Friday, July 07, 2006

Friday cat blogging!

Frank Ford sent me this picture of Tasha.

The boundless sky

Here's a rather marvelous meditation I found in 1,001 Meditations by Mike George:
Sit where you have an unrestricted view of the sky - outside if weather permits. Gaze at it with softly focused eyes. (Do not look directly at the sun, or you may do serious harm to your eyes.) Imagine that all thoughts, sensations, habits, doubts and worries are dissolving into the vast openness. Whenever a thought arises, or there is tension in your body, imagine that with each breath more and more space gathers around the tension, until it disappears into the boundless sky.

Anything that can help us cultivate an experience of spaciousness is all to the good. I would also recommend trying this as a visualization when a view of the sky is not accessible for you. After you've practiced this with the actual sky a few times, it will be quite possible to see the sky in your mind's eye and do the meditation that way.

Thursday, July 06, 2006

We all need to remember this:

Seven blunders of the world that lead to violence: wealth without work, pleasure without conscience, knowledge without character, commerce without morality, science without humanity, worship without sacrifice, politics without principle.
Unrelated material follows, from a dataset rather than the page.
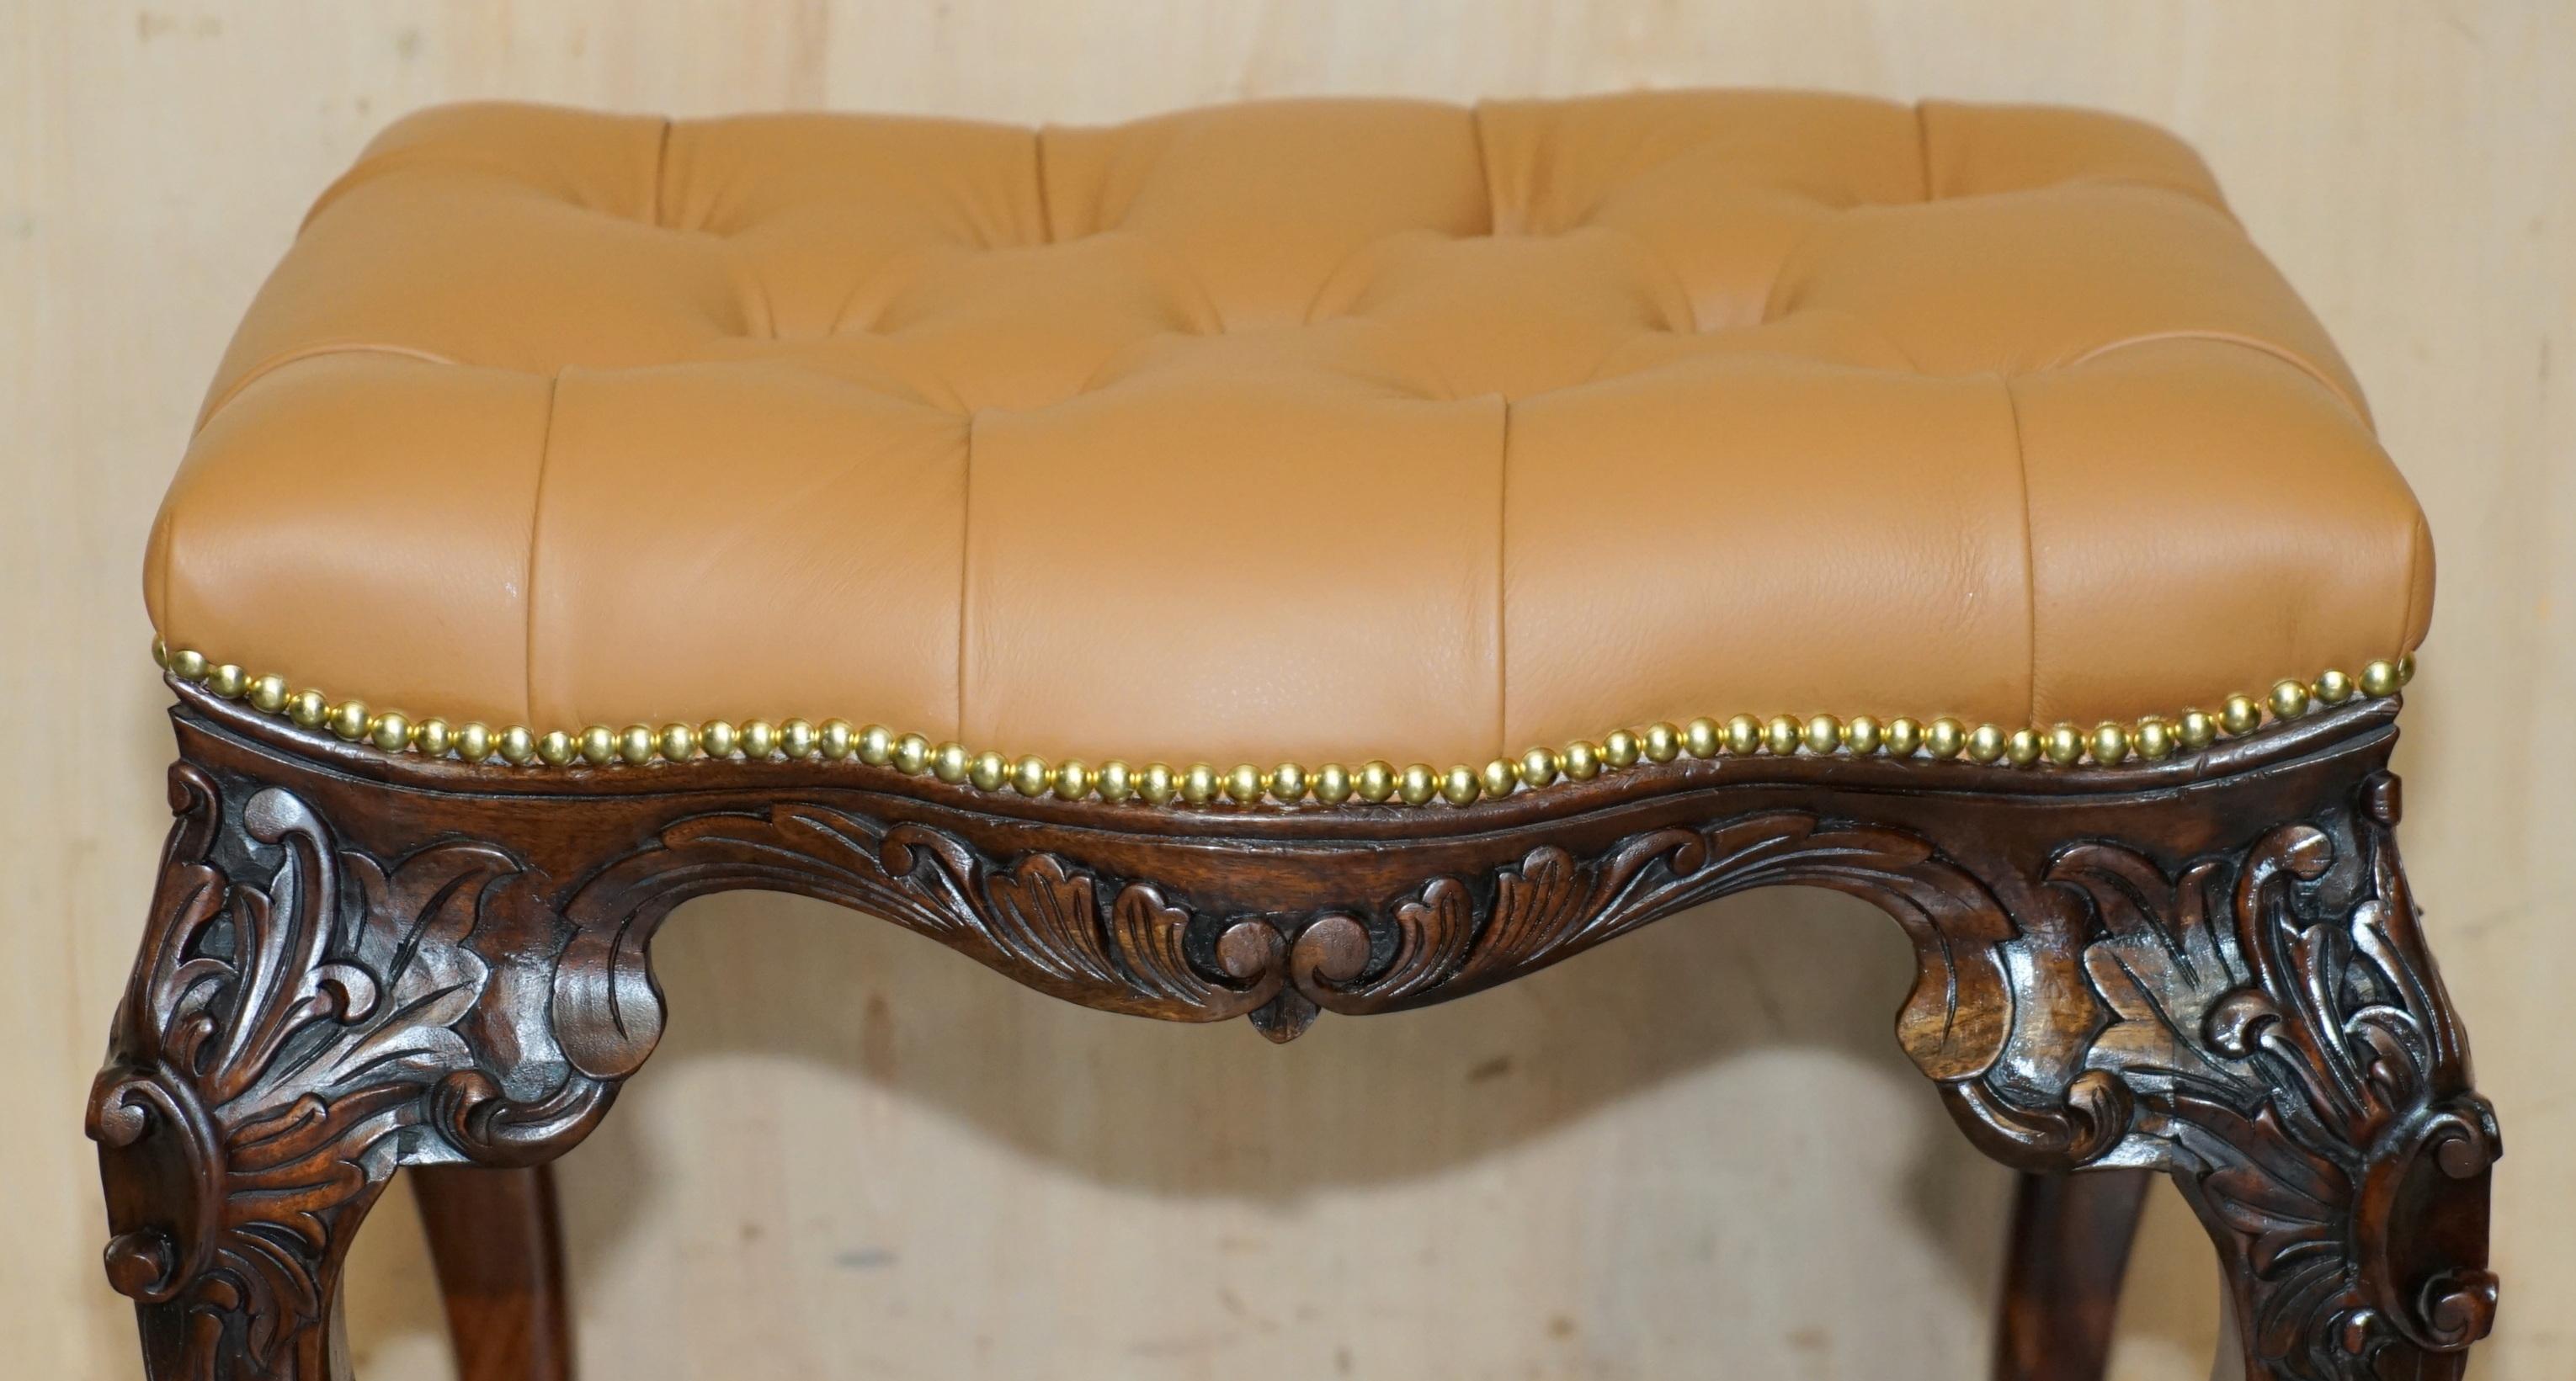 RESTORATED BROWN LEATHER CLAW & BALL CHESTERFIELD PIANO OR DRESSiNG TABLE STOOL (Englisch) im Angebot

--Mahatma Gandhi (1869-1948)

Wednesday, July 05, 2006

Wednesday life form blogging

Photo by Cynthia Burgess

The power of aspiration

Today I stumbled upon a quotation I saved to my computer a long time ago. It's by the same person who wrote that wonderful book, The Little Prince. Here it is:

If you want to build a ship, don't drum up people together to collect wood and don't assign them tasks and work, but rather teach them to long for the endless immensity of the sea.

- Antoine de Saint-Exupery

The longing for the immensity of the sea is our aspiration for wisdom and inner liberation. The tasks of building the ship are the the exercises, the practices, of mindtraining and meditation. If we genuinely "long for the endless immensity of the sea" we will not mind the discipline involved in actually training our mind.

Tuesday, July 04, 2006

Let us remember today the radical ideas of the Founding Fathers and practice gratitude for their courage. The following quotation really seems to fit today:

Acquire the courage to believe in yourself. Many of the things that you have been taught were at one time the radical ideas of individuals who had the courage to believe what their own hearts and minds told them was true, rather than accept the common beliefs of their day.

~ Ching Ning Chu

Happy Independence Day!

Monday, July 03, 2006

Monday meditative picture blogging

Photo by Cynthia Burgess

Oh, I like this!

This is from a book called Idea Power:

Throwing away ideas too soon is like opening a package of flower seeds and then throwing them away because they're not pretty.

Arthur VanGundy

A practice of love

The practice of meditation -- mindfulness -- is for me a practice of love. Unconscious love is an oxymoron, an impossibility. To be fully present with oneself and others, I believe, is the truest love there is. Our courage to enter the darkest recesses of our hearts and minds births a deliverance from all that has kept us tight, disconnected and loveless for so long. We forget and we remember.

--Gavin Harrison

Sunday, July 02, 2006

Expect Nothing

Here's a truly wonderful poem by Alice Walker:

Expect nothing. Live frugally
On surprise.
Become a stranger
To need of pity
Or, if compassion be freely
Given out
Take only enough.
Stop short of urge to plead
Then purge away the need.
Wish for nothing larger
Than your own small heart
Or greater than a star;
Tame wild disappointment
With caress unmoved and cold.
Make of it a parka
For your soul.

Discover the reason why
So tiny human midget
Exists at all
So scared unwise.
But expect nothing. Live frugally
On surprise.

Saturday, July 01, 2006

Love transforms

Love transforms you from death into life: it quickens you to be able to see where you cannot see and feel where you cannot feel.